Com o senador Tasso Jereissati e Capitão Wagner fora da disputa majoritária no Estado, o ex-presidente do PSDB, Luiz Pontes, disse que a oposição já estaria no “plano D”, e não mais no B ou C. Na manhã de ontem, ele se reuniu, em um almoço, com os dirigentes do PR, Roberto Pessoa e Lúcio Alcântara, e com o ex-presidente do extinto Tribunal de Contas dos Municípios (TCM), Domingos Filho. A bancada decidiu que vai insistir nas pesquisas internas para definir quem será o escolhido para a disputa, e ele garante que o Estado não ficará sem um candidato oposicionista em 2018.

Dificuldades

Principal liderança do grupo no Ceará, Tasso Jereissati está no exterior, mas se reunirá com a bancada até o fim do mês. “Temos que ver logo isso, temos que colocar um nome na rua, porque agora só tem o nome do governador. Ele está sozinho e isso não é bom para a democracia”, opinou Luiz Pontes.
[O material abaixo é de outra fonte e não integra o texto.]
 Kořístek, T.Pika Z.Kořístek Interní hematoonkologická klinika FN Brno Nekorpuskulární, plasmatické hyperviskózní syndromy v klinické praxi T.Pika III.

Para ele, o principal empecilho para apoio ao nome de Wagner foi o fator Jair Bolsonaro, visto que houve impedimento de Tasso a pedido de voto para o presidenciável. “Voltamos à estaca zero, mas ele (Capitão Wagner) vai apoiar o nosso candidato. Ele é um nome forte, não somente como candidato”, disse Pontes. Ele admitiu que a oposição tem dificuldades para encontrar um nome, mas lembrou que, em 2014, o nome de Camilo Santana só foi definido na base governista no último momento.
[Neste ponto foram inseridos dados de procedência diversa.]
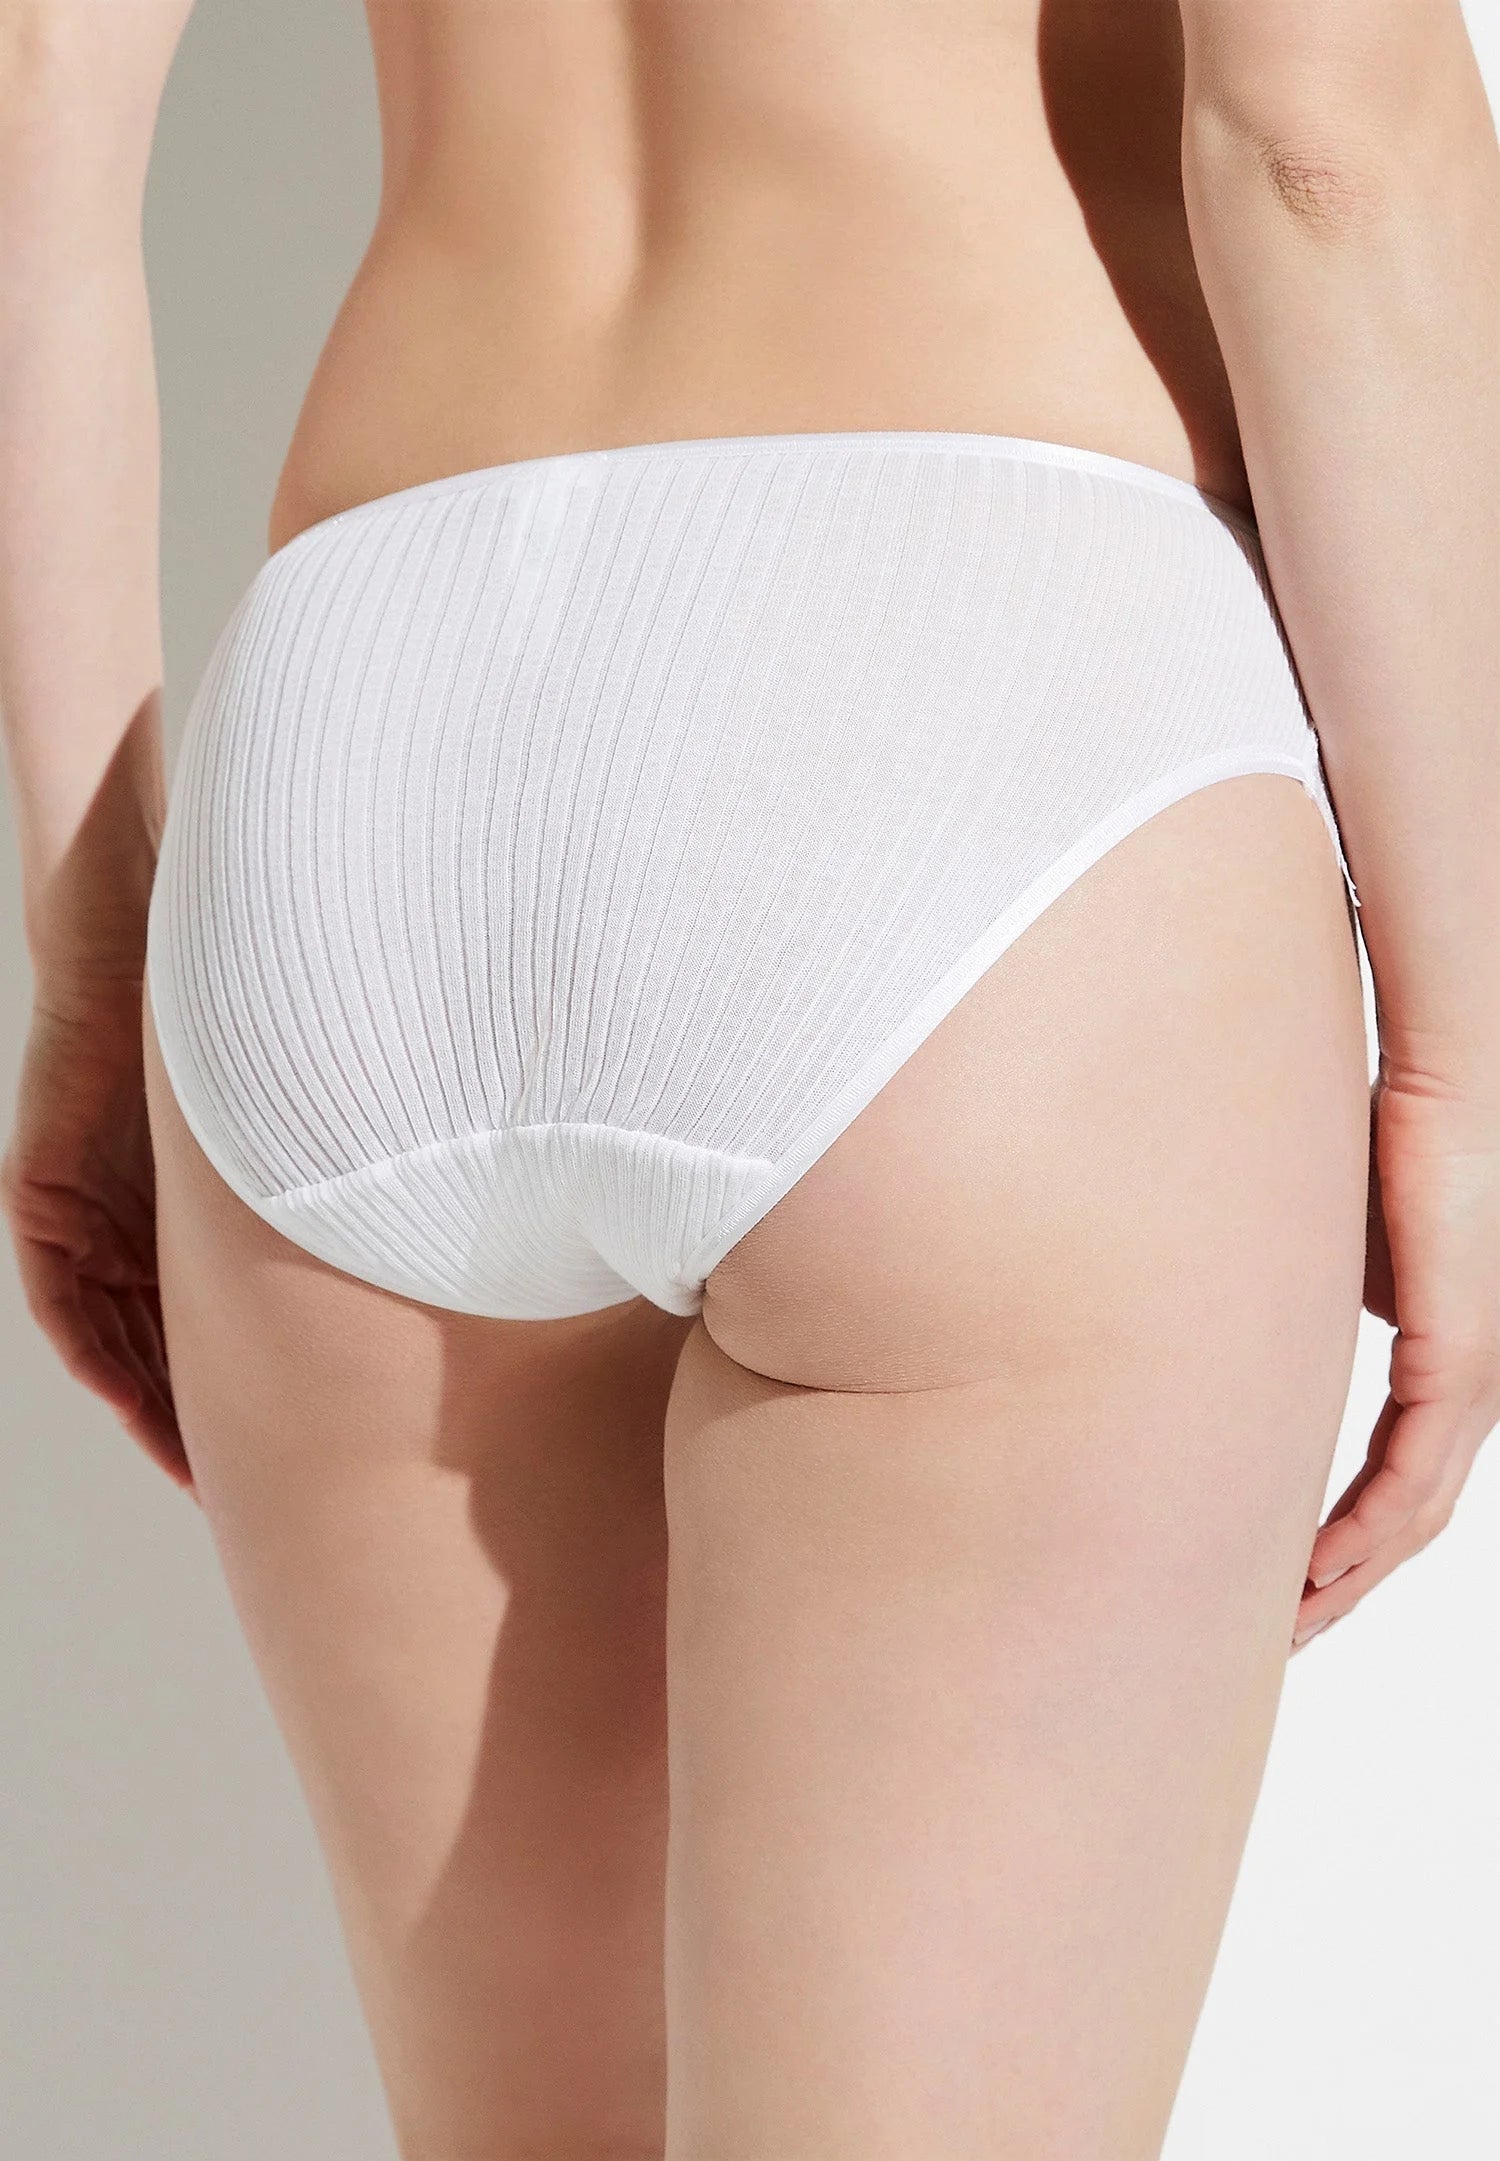 %shop_name_% Zimmerli_Richelieu Cotton Lace Brief _ Underwear_

Presidente do PR, o ex-governador Lúcio Alcântara disse que, “no momento certo”, a oposição terá um nome, mas, por enquanto, não há candidato. No entanto, ele ressaltou que as legendas de oposição estão unidas, e isso é importante neste momento.

Questionado sobre a saída de dois membros da agremiação, o dirigente afirmou que não pode forçar ninguém a ficar no partido. “Não tenho nenhuma confirmação dele (Wagner), mas é preciso respeitar a decisão das pessoas. Lamentamos, mas sai um aqui e entra outro. Isso é um fenômeno natural da política”.